Avant qu’il ait pu achever les deux poings de l’officier s’abattaient sur son visage.

— Une révolte alors ? Je vais vous apprendre à vous révolter !… Je vous ferai fusiller comme des chiens ! Et les autorités m’en remercieront ! Prends la fillette !

La foule se calma. Un soldat saisit l’enfant qui criait désespérément, et un autre passa les menottes au prisonnier qui, maintenant, tendait docilement ses mains.

— Porte-la aux femmes ! cria l’officier au soldat, en remettant en place son ceinturon.

La fillette, essayant de dégager ses mains enserrées dans son châle, le visage congestionné, ne cessait de pousser des cris déchirants.

Marie Pavlovna se détacha de la foule et s’approcha du soldat.

— Monsieur l’officier, permettez, je la porterai…

Le soldat qui tenait l’enfant s’arrêta.

— Qui es-tu ? demanda l’officier.

— Une condamnée politique.

Le joli visage de Marie Pavlovna, avec ses beaux yeux ronds, qu’il avait déjà aperçu quand il avait pris la direction du convoi, impressionna visiblement l’officier. Il regarda la jeune fille en silence, semblant peser le pour et le contre.

— Ça m’est égal ! Prenez-la si vous voulez ! Cela vous est facile de les plaindre ; mais s’ils se sauvent, qui sera responsable ?

— Comment celui-là pourrait-il se sauver avec son enfant ? remarqua Marie Pavlovna.

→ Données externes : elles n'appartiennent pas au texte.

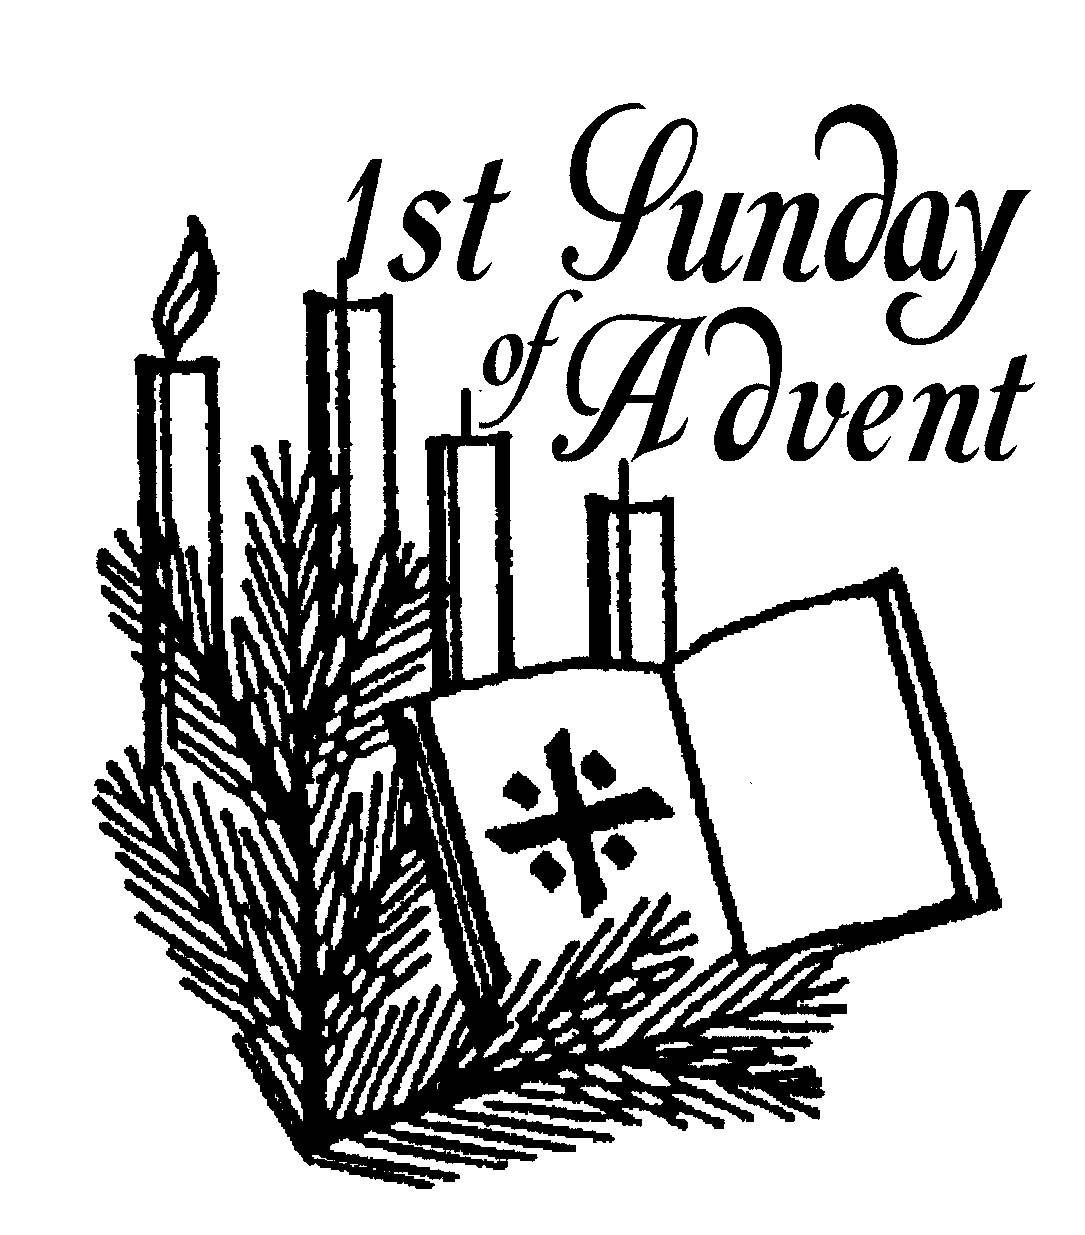 Free Advent Clipart, Download Free Clip Art, Free Clip Art.
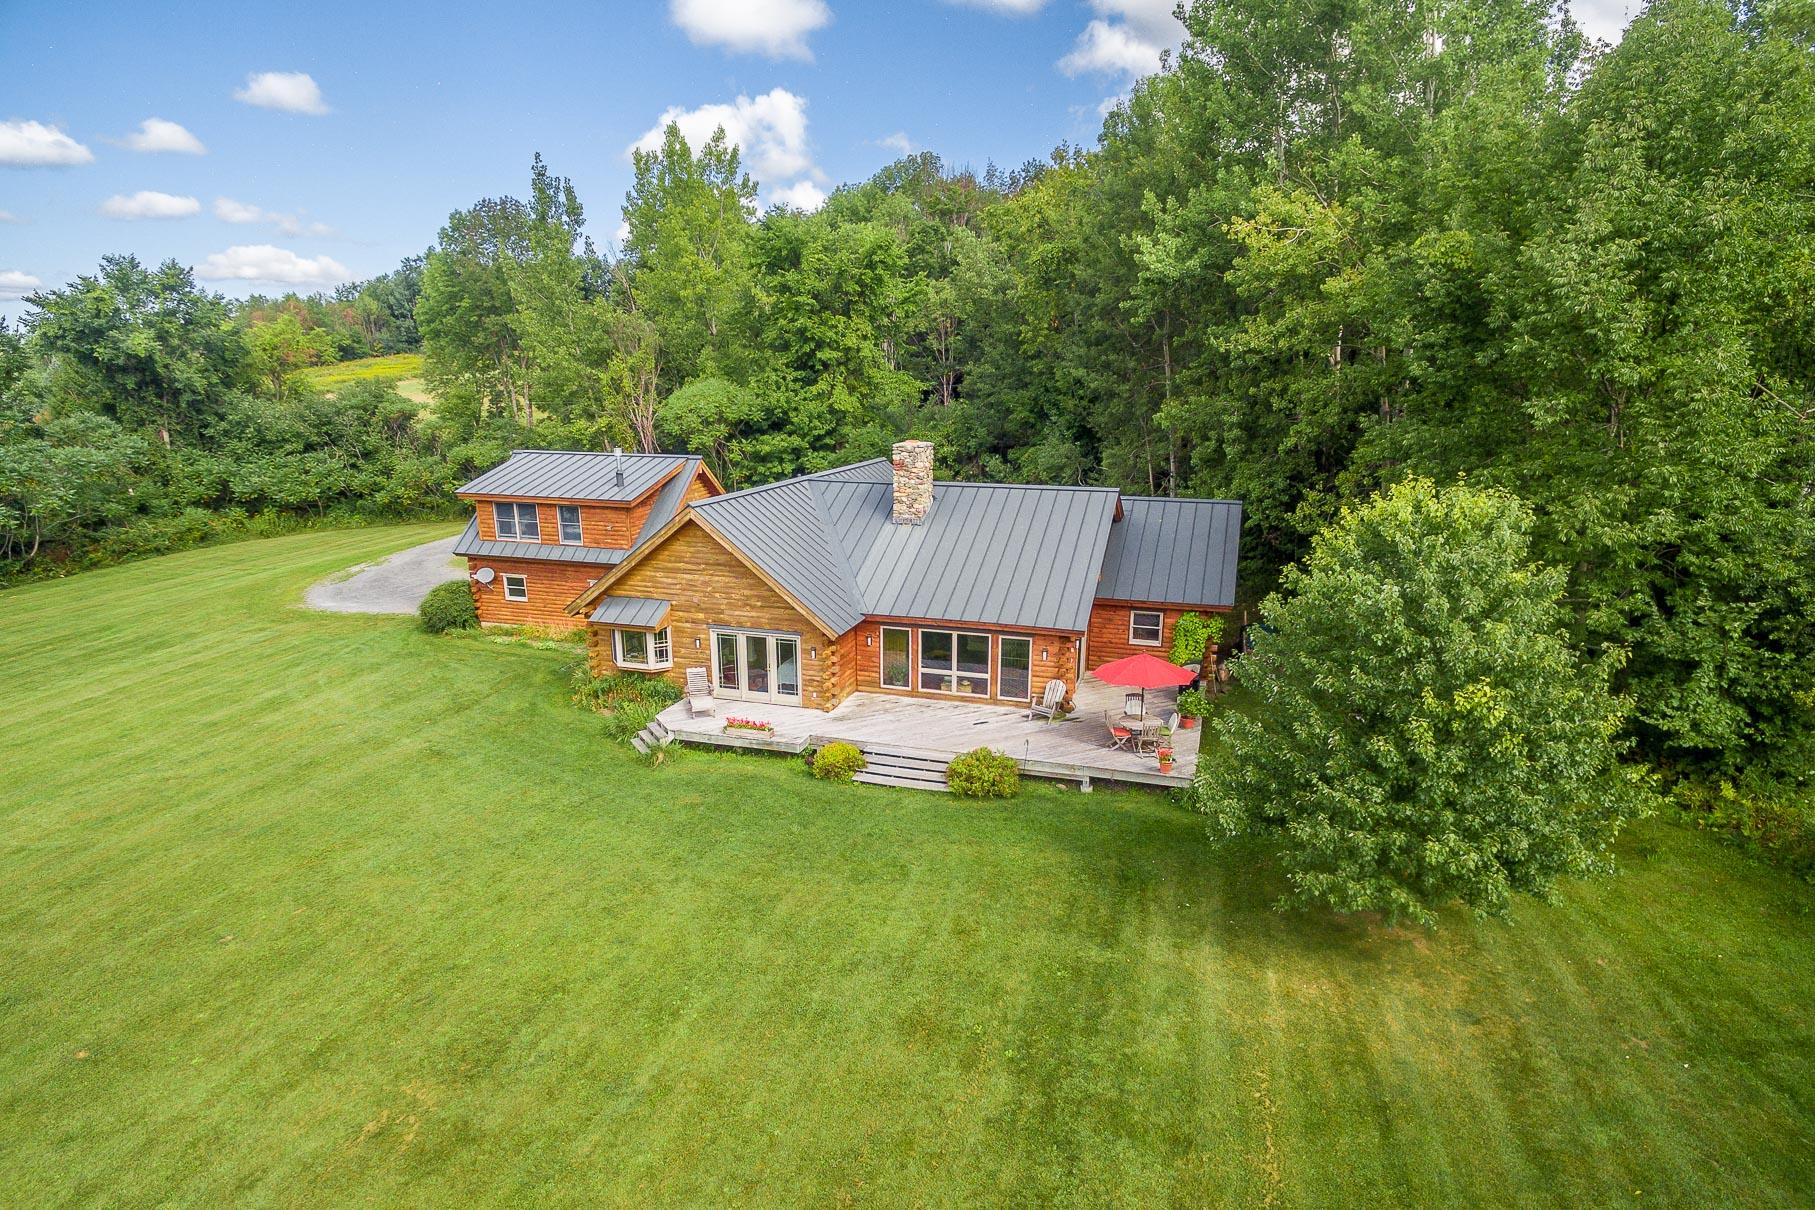 独户住宅 为 销售 在 Country Chic Log Home 55 Kelley Hill Rd 丹比, 05739 美国

— Je n’ai pas le temps de discuter avec vous ! Prenez-la si vous voulez !

— Ordonnez-vous de la donner ? demanda le soldat.

— Donne !

— Viens avec moi ! dit d’une voix douce Marie Pavlovna, en tâchant d’attirer la fillette.

Mais l’enfant qui, des bras du soldat, se penchait vers son père, continuait à crier et refusait d’aller avec Marie Pavlovna.

— Attendez un instant, Marie Pavlovna ; elle viendra avec moi, dit Maslova en retirant un craquelin de son sac.

La fillette qui connaissait déjà Maslova, en voyant son visage et le craquelin, alla vers elle.

Tout se tut. On ouvrit la porte. Le convoi sortit dans la rue et se mit en rangs.

Les soldats de l’escorte comptèrent de nouveau les prisonniers, ficelèrent les sacs, les placèrent sur les charrettes, où ils firent monter les faibles. Maslova, tenant la fillette dans ses bras, vint se ranger parmi les femmes, à côté de Fédosia. Simonson, qui avait assisté à toute la scène, s’approcha de l’officier qui avait donné ses ordres et se disposait à monter dans sa voiture.

— Vous avez mal agi, monsieur l’officier ! lui dit-il.

— À votre place ! Cela ne vous regarde pas !

— Cela me regarde et je vous dis que vous avez mal agi ! répéta Simonson, en fixant l’officier de ses yeux ombragés d’épais sourcils.

— Est-on prêt ? Convoi, en route ! cria l’officier sans rien dire de plus à Simonson ; et, s’appuyant sur l’épaule d’un soldat, il monta dans la voiture.

Le convoi s’ébranla et sortit, se déroulant en longue file sur la route boueuse, tracée en pleine forêt et bordée, de chaque côté, par d’étroits fossés.

  1. Fait cité par D. A. Linev dans son livre Par étapes (Note de fauteur).